◆ DATA

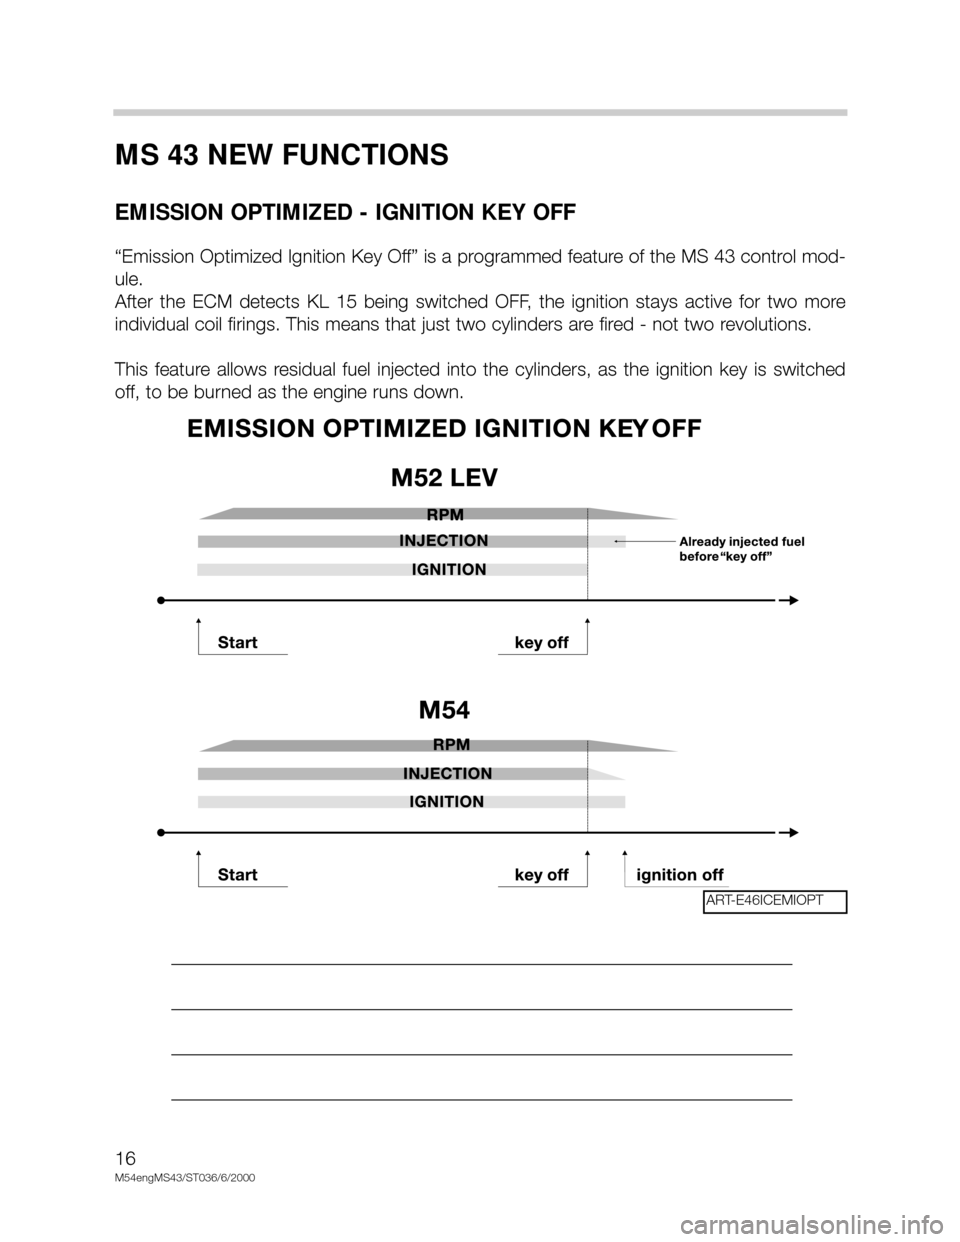 BMW X5 2001 E53 M54 Engine User Guide 16
M54engMS43/ST036/6/2000
MS 43 NEW FUNCTIONS
EMISSION OPTIMIZED - IGNITION KEY OFF
“Emission Optimized Ignition Key Off” is a programmed feature of the MS 43 control mod-
ule. 
After  the  ECM  
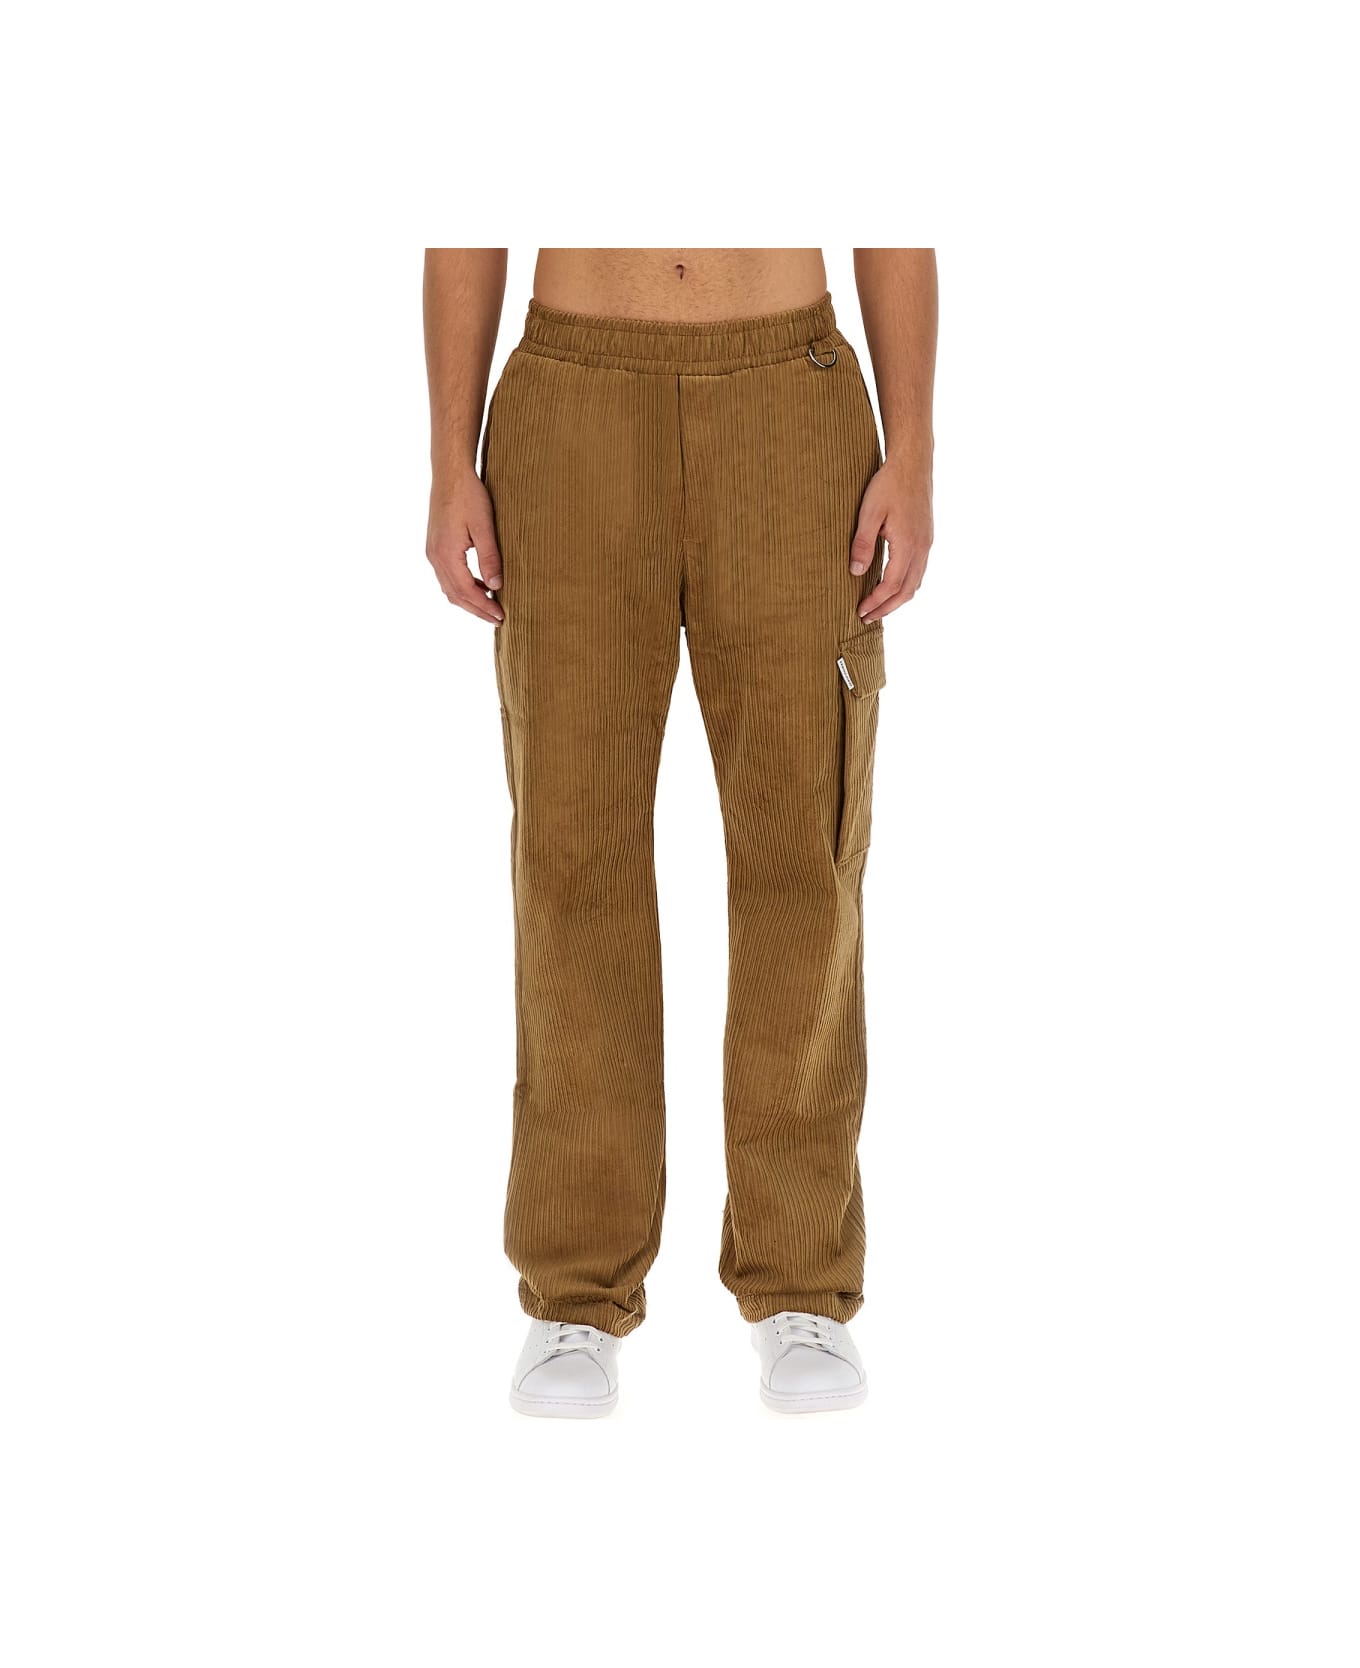 Family First Milano Cargo Pants - BEIGE ボトムス
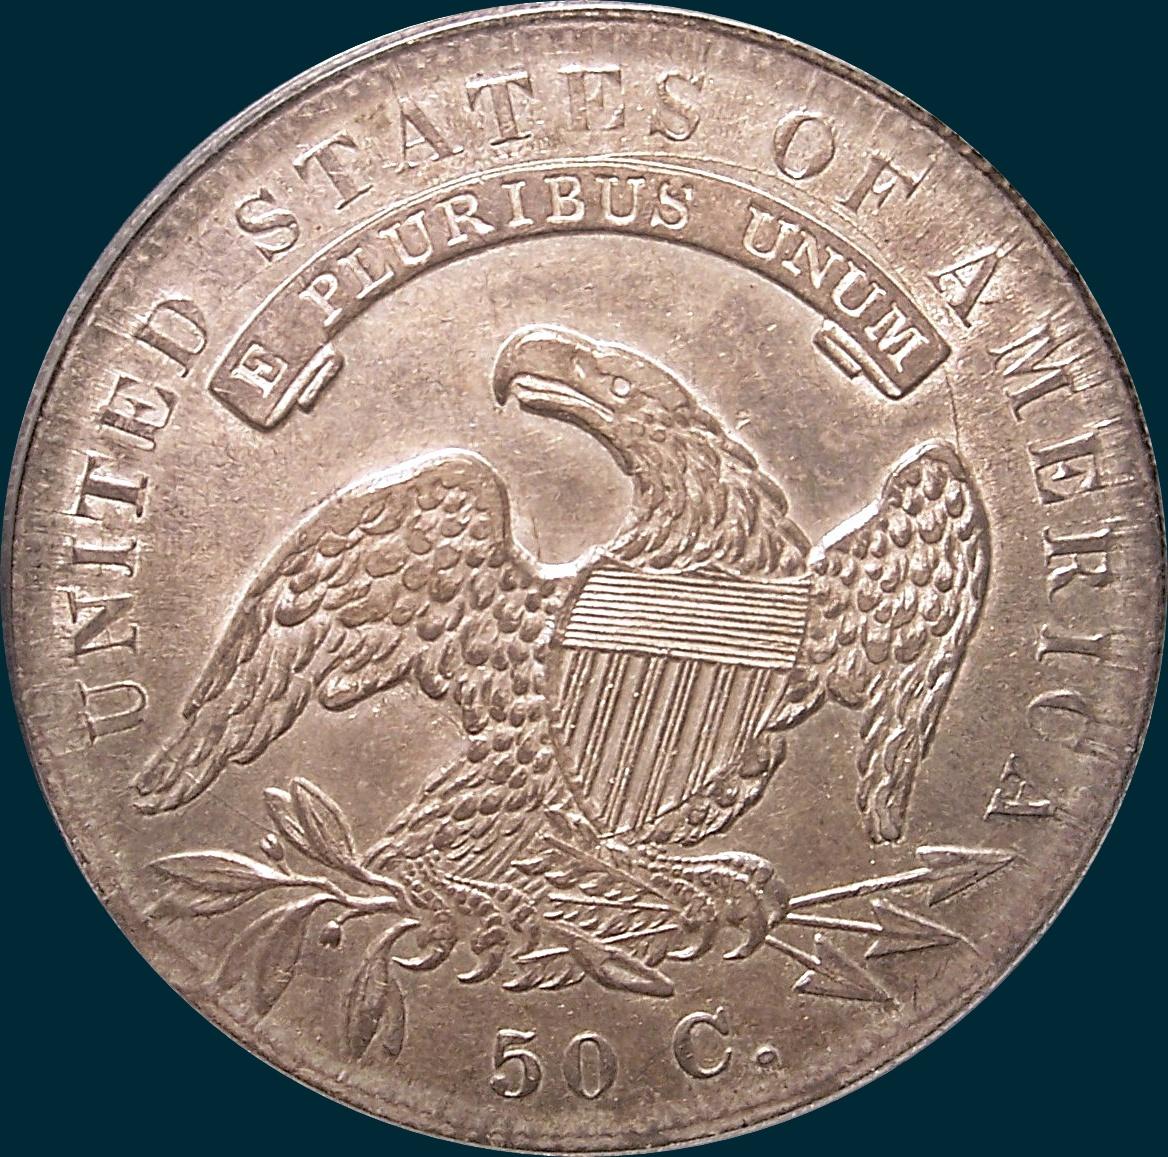 1834, O-110, Small Date, Small Letters, Capped Bust, Half Dollar
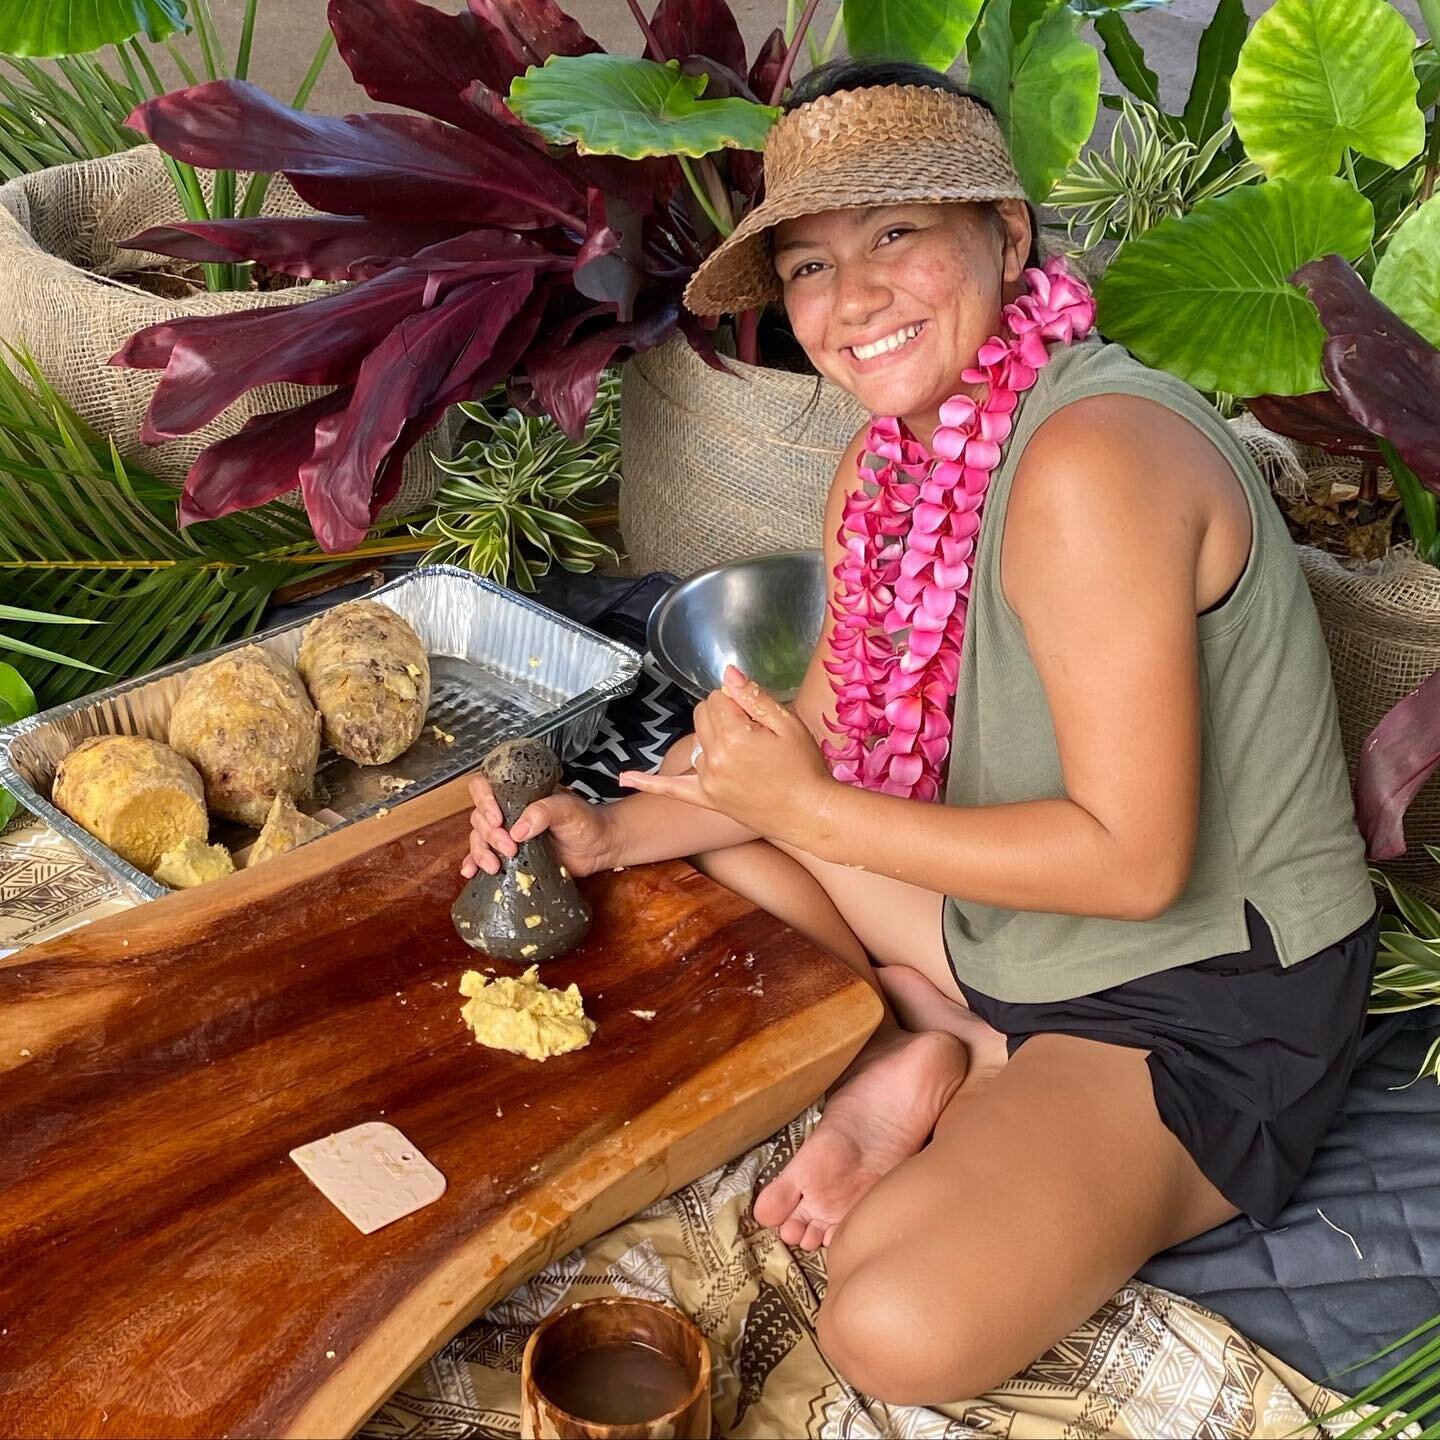 Went a great luau @mymauicountryclub last night! Important to take a little time off and appreciate the loving culture and amazing food of Hawaii and Polynesia! Kiani did a great demo of making poi using our taro (mana ulu). The smile says it all! #l

◆ INSTRUCTIONS TO FOLLOW
Beginning at the first line of the listing, print each line exactly until and including the one that has "1834, O-110, Small"; skip pictures.

◆ EXPECTED OUTPUT
 BMW X5 2001 E53 M54 Engine User Guide 16
M54engMS43/ST036/6/2000
MS 43 NEW FUNCTIONS
EMISSION OPTIMIZED - IGNITION KEY OFF
“Emission Optimized Ignition Key Off” is a programmed feature of the MS 43 control mod-
ule. 
After  the  ECM  
 Family First Milano Cargo Pants - BEIGE ボトムス
 1834, O-110, Small Date, Small Letters, Capped Bust, Half Dollar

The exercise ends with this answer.